Exercise input
== Segment start ==

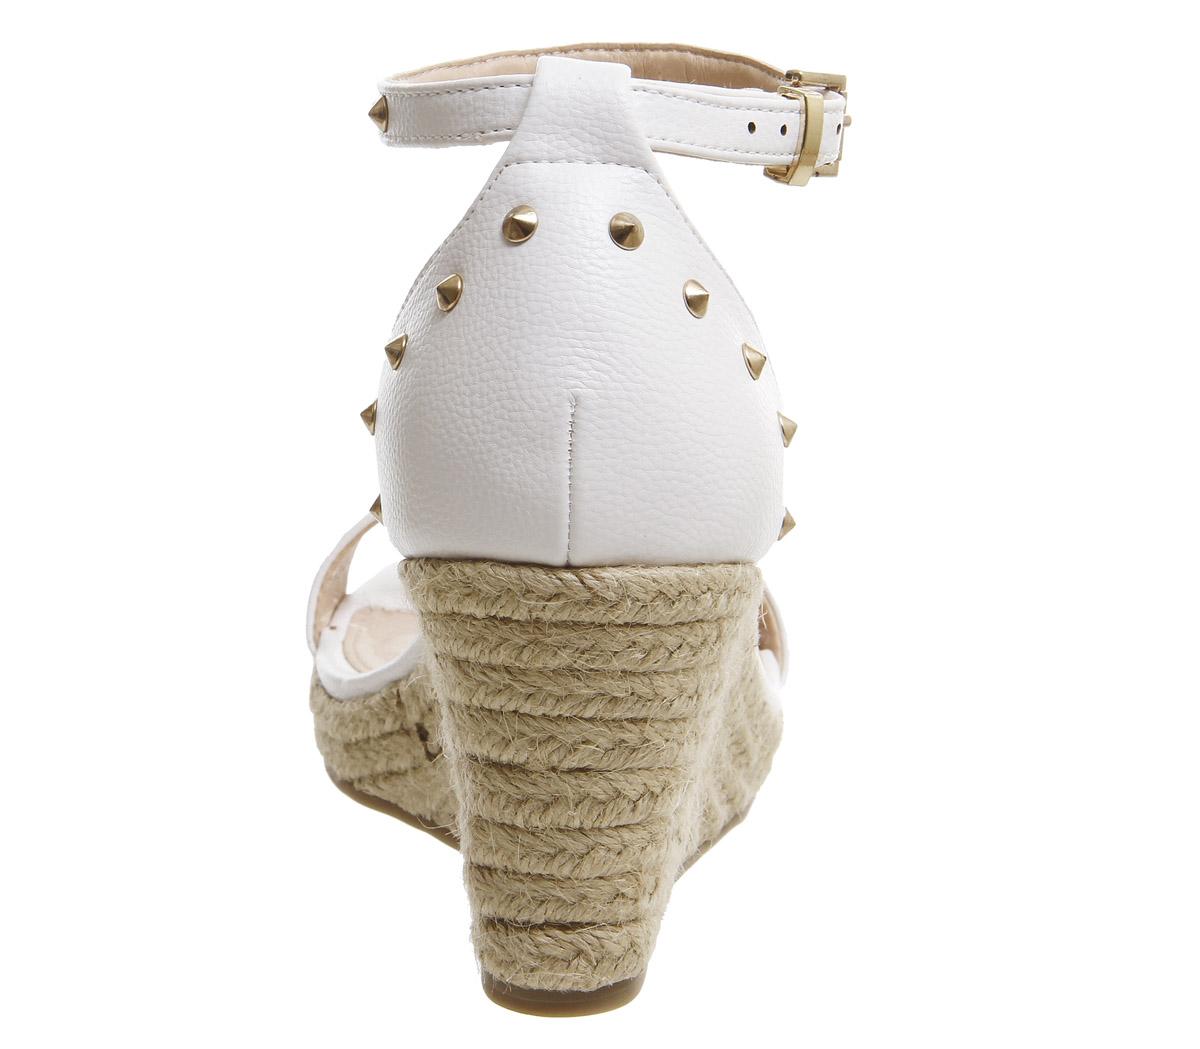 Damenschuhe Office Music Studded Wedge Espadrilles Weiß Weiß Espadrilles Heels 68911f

== Segment end ==
== Segment start ==

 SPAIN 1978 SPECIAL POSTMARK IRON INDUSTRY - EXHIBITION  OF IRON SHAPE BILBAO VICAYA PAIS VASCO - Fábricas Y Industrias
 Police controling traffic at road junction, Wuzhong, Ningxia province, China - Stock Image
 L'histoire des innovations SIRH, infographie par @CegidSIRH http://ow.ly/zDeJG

== Segment end ==

What you are asked to do
Above are the records; from them, give again exactly the lines from the one containing "SPAIN 1978 SPECIAL" through the one containing "Police controling traffic", both included.

Answer
 SPAIN 1978 SPECIAL POSTMARK IRON INDUSTRY - EXHIBITION  OF IRON SHAPE BILBAO VICAYA PAIS VASCO - Fábricas Y Industrias
 Police controling traffic at road junction, Wuzhong, Ningxia province, China - Stock Image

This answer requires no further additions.